Address book data storage means for storing the address book data;

An agent creating means for creating the CG character agent of the communication partner with reference to the agent data included in the address book data of the communication partner, and an agent output means for outputting the CG character agent. CG character agent creation device.

[11] The agent data creation means includes an image feature extraction unit that automatically extracts image feature data from the communication data, and an audio feature extraction unit that extracts audio feature data.

The CG character agent creation device according to claim 10.

[12] The agent data creation means includes:

A reliability level granting unit for imparting reliability level to the created agent data; a temporary storage data storage unit for temporarily storing the agent data level with the reliability level;

During communication, the reliability of newly created agent data is compared with the reliability of agent data already stored in the temporary storage data storage unit, and agent data stored in the temporary storage data storage unit is compared. Automatically and reliably. A reliability judgment unit that updates the agent data,

The CG character agent creation device according to claim 10.

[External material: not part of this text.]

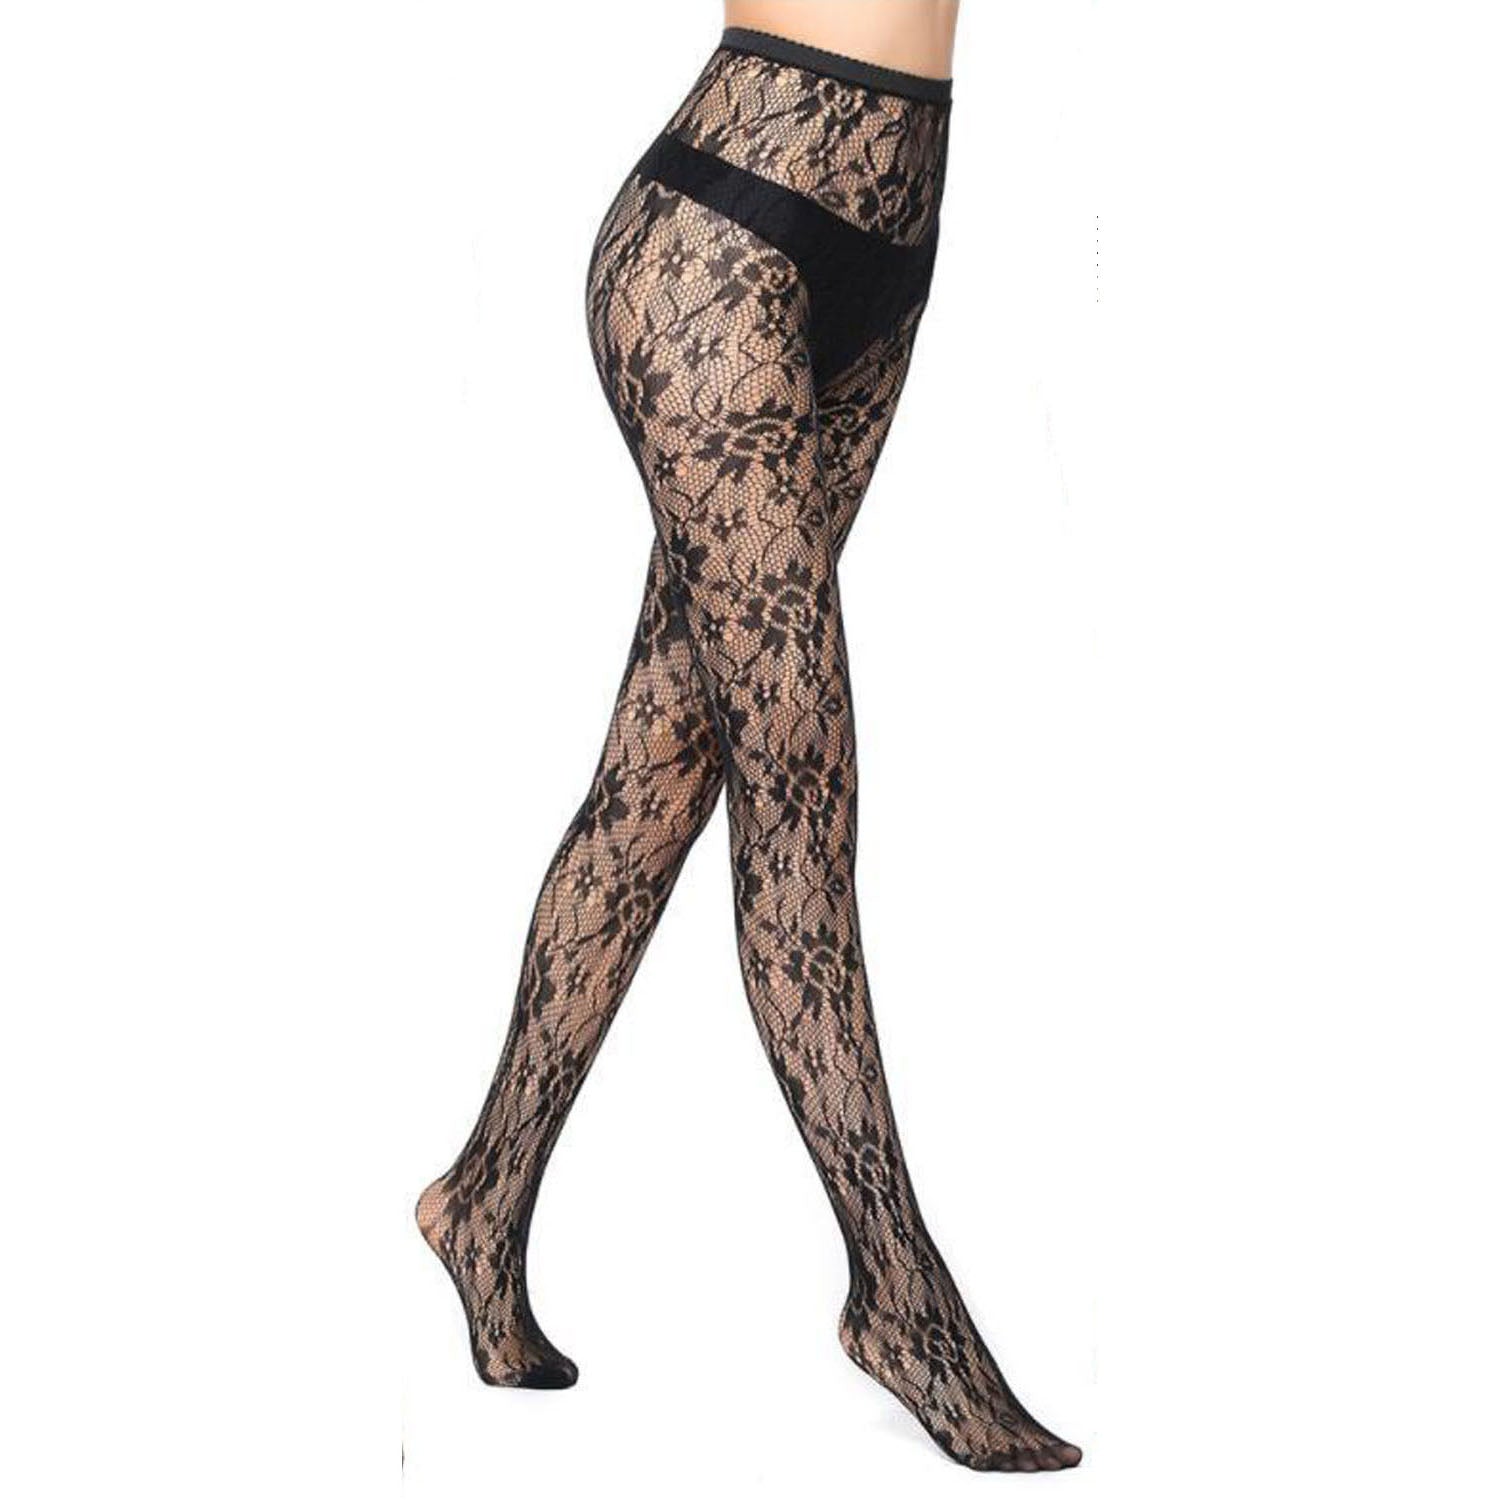 Simply Joshimo Floral Patterned Black Fishnet Tights

[13] A communication method used for a communication device that transmits a message using a CG character agent,

A communication step for communicating communication data with another terminal;

Based on the communication data, an agent data creation step of creating agent data including personal characteristic data of the communication partner;

An address book data creating step for creating address book data including the agent data in correspondence with personal information of a communication partner;

An address book data storage step for storing the address book data;

An agent creating step of creating the CG character agent of the communication partner with reference to the agent data included in the address book data of the communication partner, and an agent output step of outputting the CG character agent. Communication method.

[14] A program used in a communication device that transmits a message using a CG character agent,

An address book data storage step for storing the address book data;

Referring to the agent data included in the address book data of the communication partner, causes the computer to execute an agent creation step of creating the CG character agent of the communication partner and an agent output step of outputting the CG character agent A program characterized by that.